The idea was to embarrass the residents of Haringey Council into cranking down their heat, or at least to improve their homes’ insulation, by posting the information to the Web in the form of color-coded maps, according to TimesOnline.co.uk. And the borough’s apparently not the first to try such an experiment: Aberdeen, Scotland also placed house-by-house thermal images of its homes on the Web, the article said.

image of a spy plane
 

The thermal imaging took place on a cold winter evening when residents presumably had their central heat pumping, and the spy plane passed over the borough 17 times to capture footage of nearly every home in the area, according to the article. The footage of Haringey Council residences was then made into stills that were superimposed over a map of the area, and the houses were eventually color-coded to depict their heat loss. Bright red was used to represent the homes that leaked the most heat and various shades of orange, yellow and blue marked the lesser offenders.

One such map can be found on SeeIt.co.uk.

Going green, or increasing your home or business’s environmental sustainability, is all fine and good, but I can’t help but wonder if scare-tactics are the wrong approach to motivate folks into taking action. Would you rush out for new insulation or an improved heating system just because your home was singled out? I wouldn’t.

Or maybe this is the right approach. If people won’t address their own personal environmental sustainability, others can step in and make them, right?

Officials from Haringey Council downplayed accusations that the experiment was a “Big-Brothers-style invasion of privacy” but it still rubs me the wrong way. They claim the maps will be used to identify the homes that are most in need of better insulation so that grants can be offered, as well find vacant properties that could be employed to address a housing shortage in the area.

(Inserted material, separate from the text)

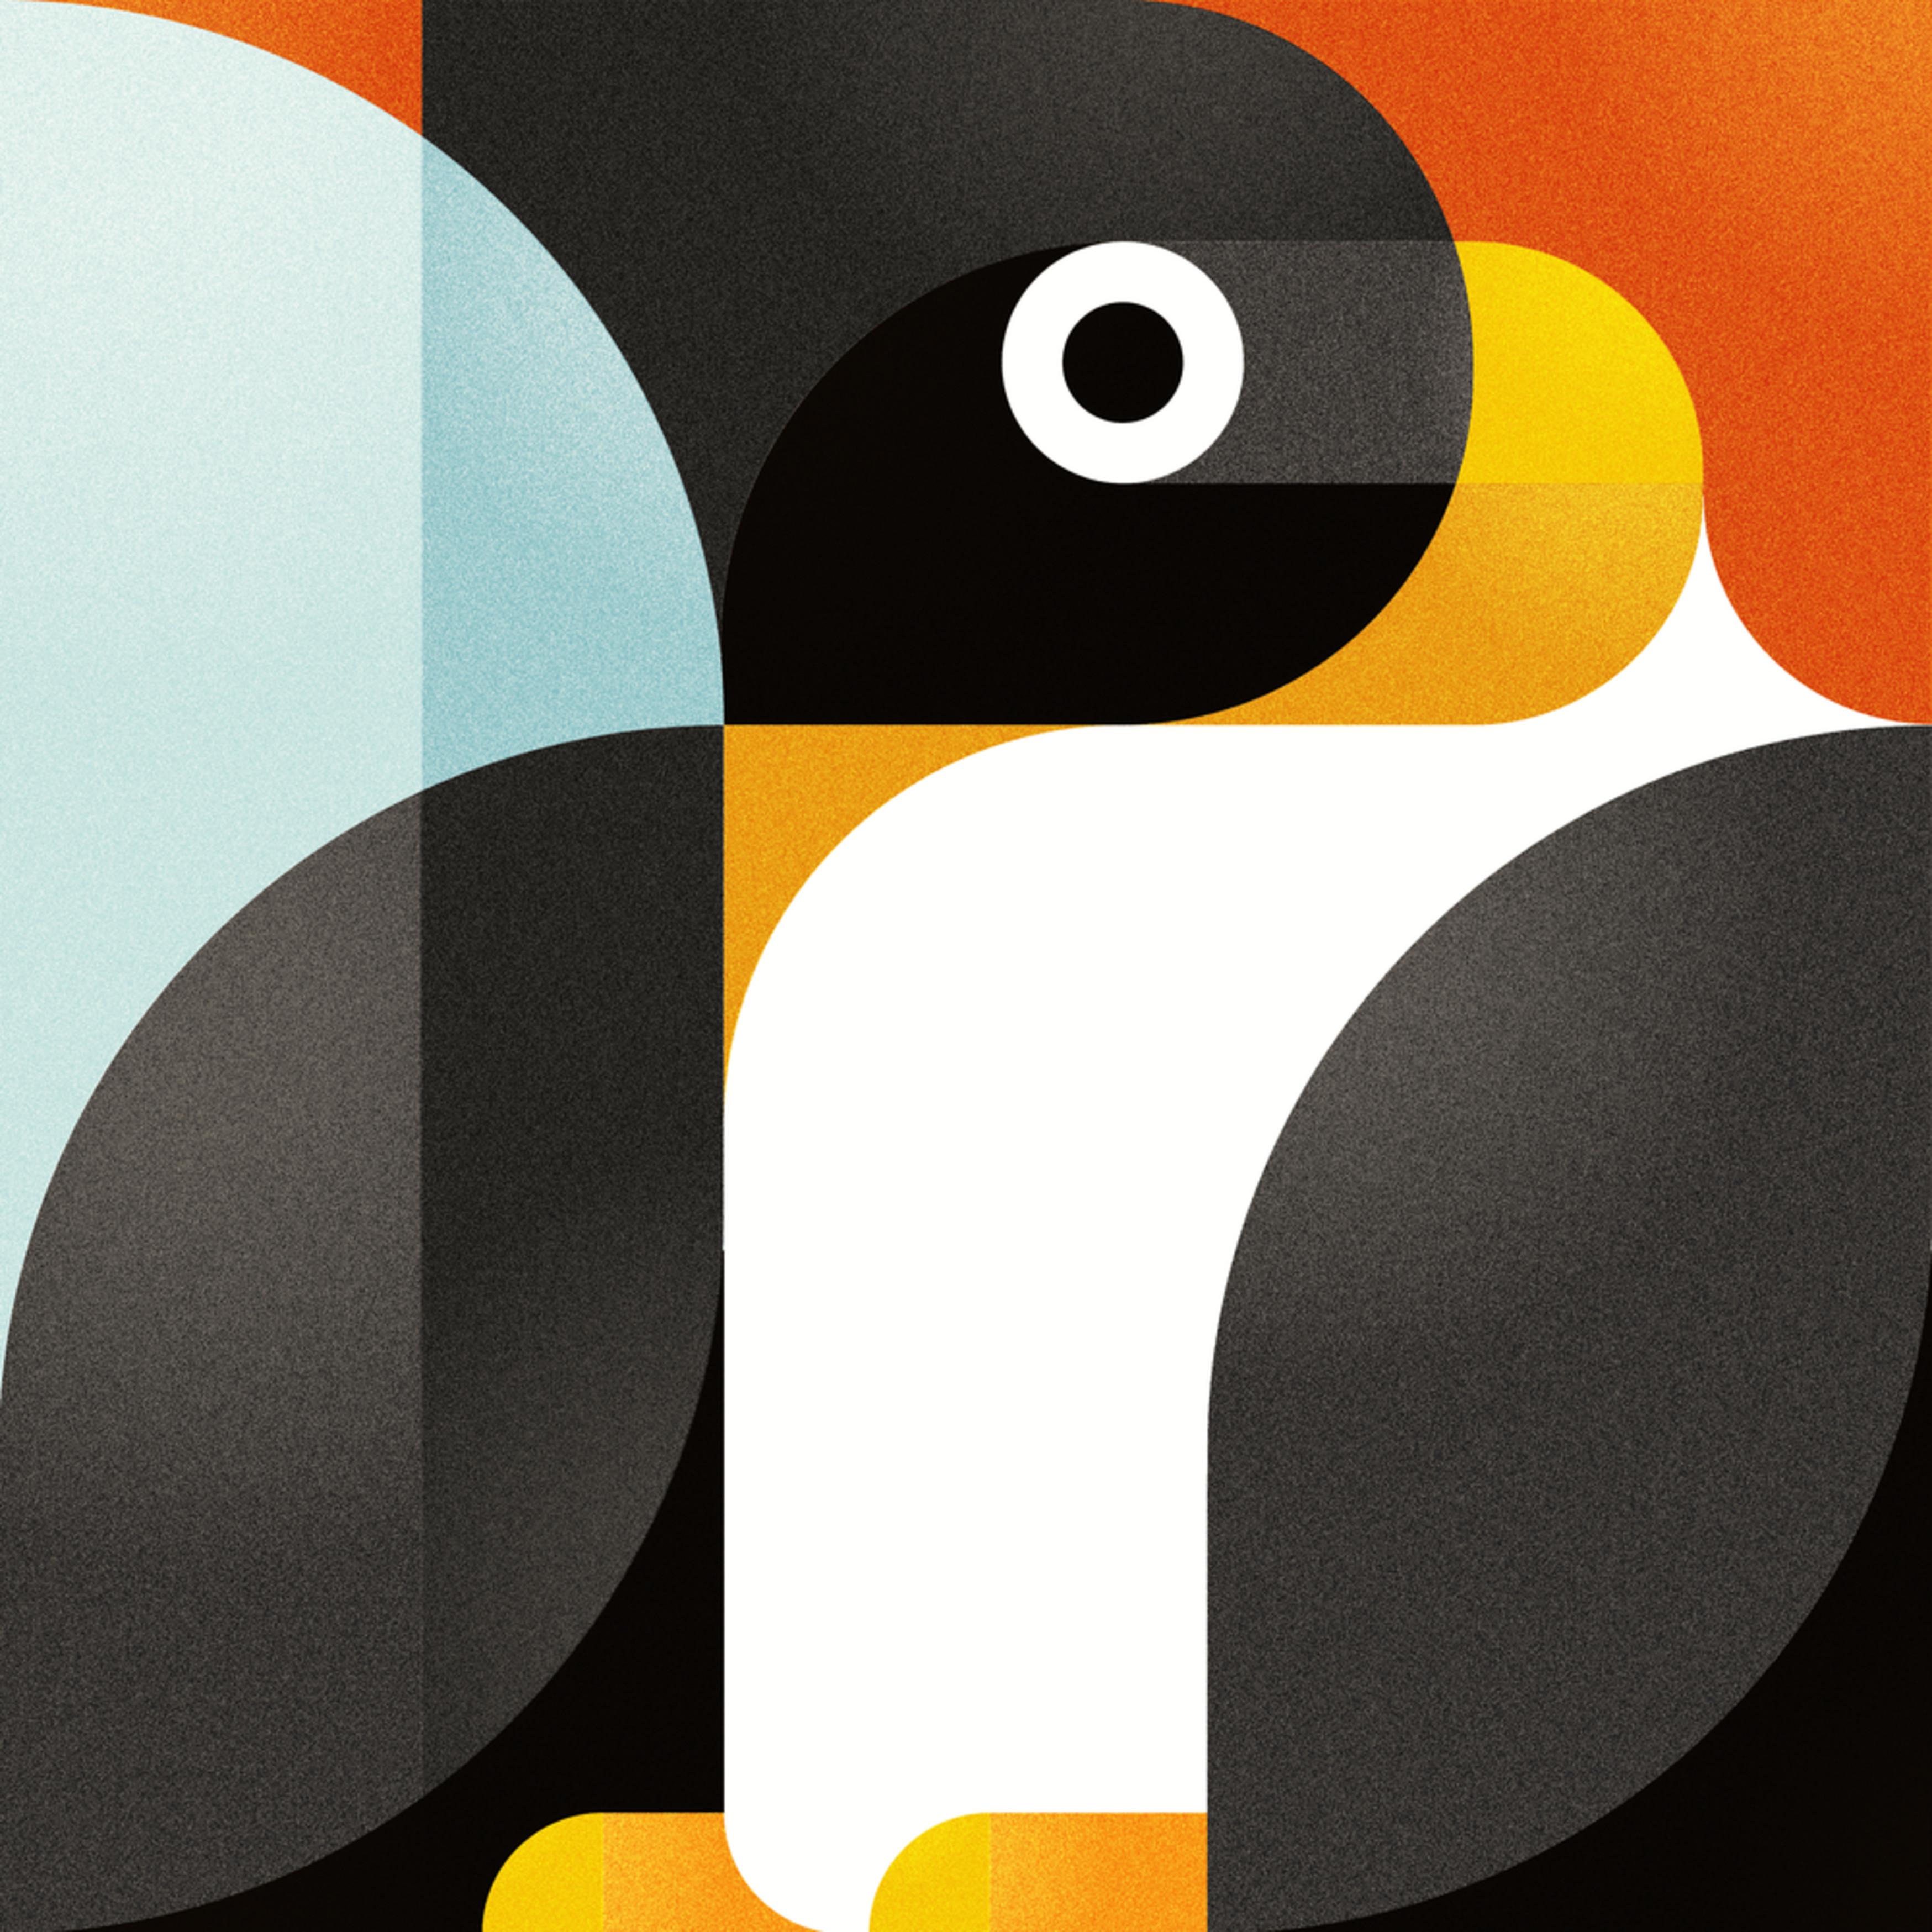 Pingouin squaredhd bkokgy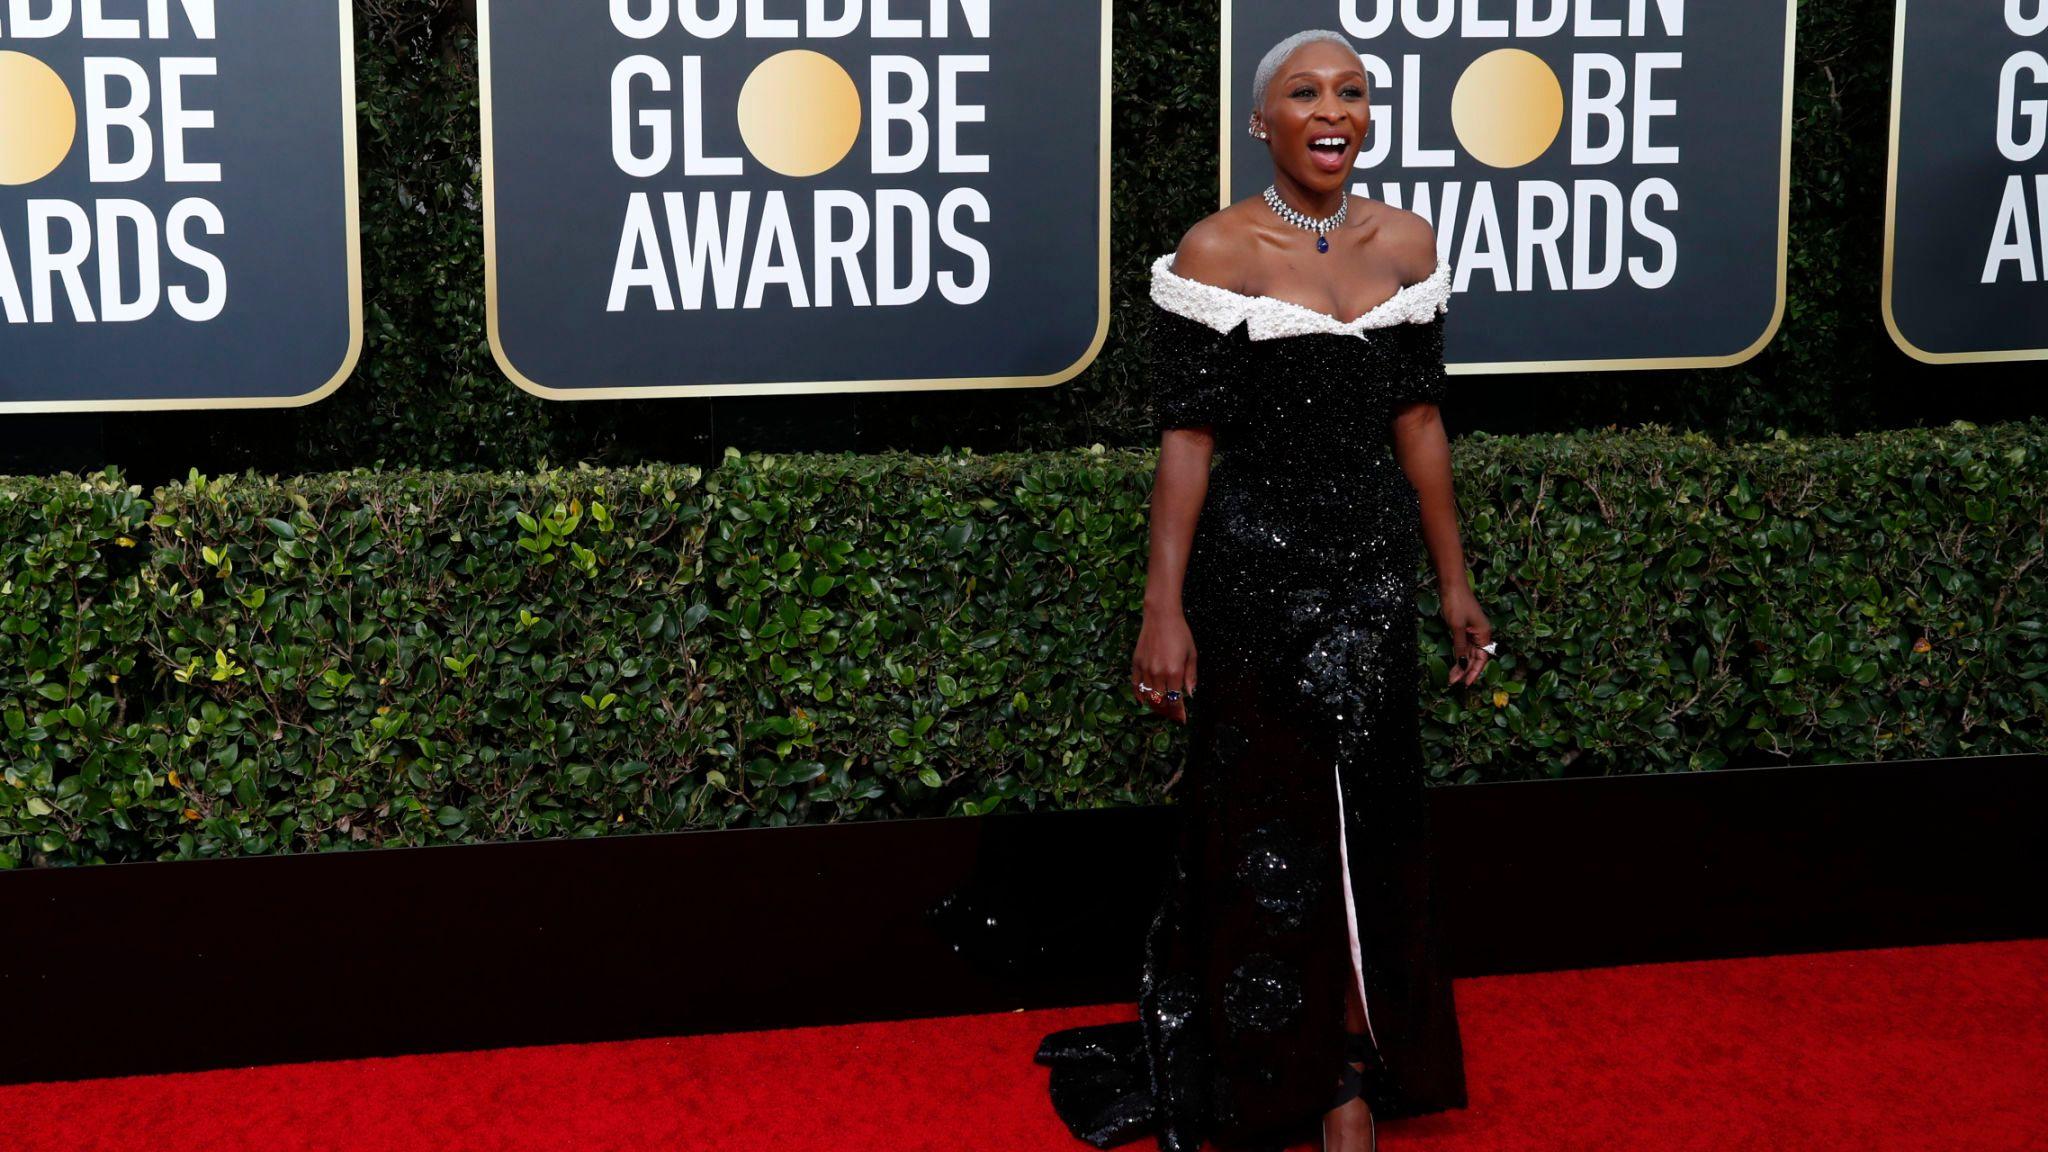 Cynthia Erivo at the Golden Globes

But if that’s all they want to do with the information, why publish the maps to the Web at all?

Imagine if the city or town where your organization is located decided to expose the businesses that leaked the most energy and then sent the information to the local newspaper. Your company’s name could become a headline–and not the kind of headline you want. But is this the way to go? Is it really time for governments to step in and “motivate” people and businesses to go green by shaming them into action?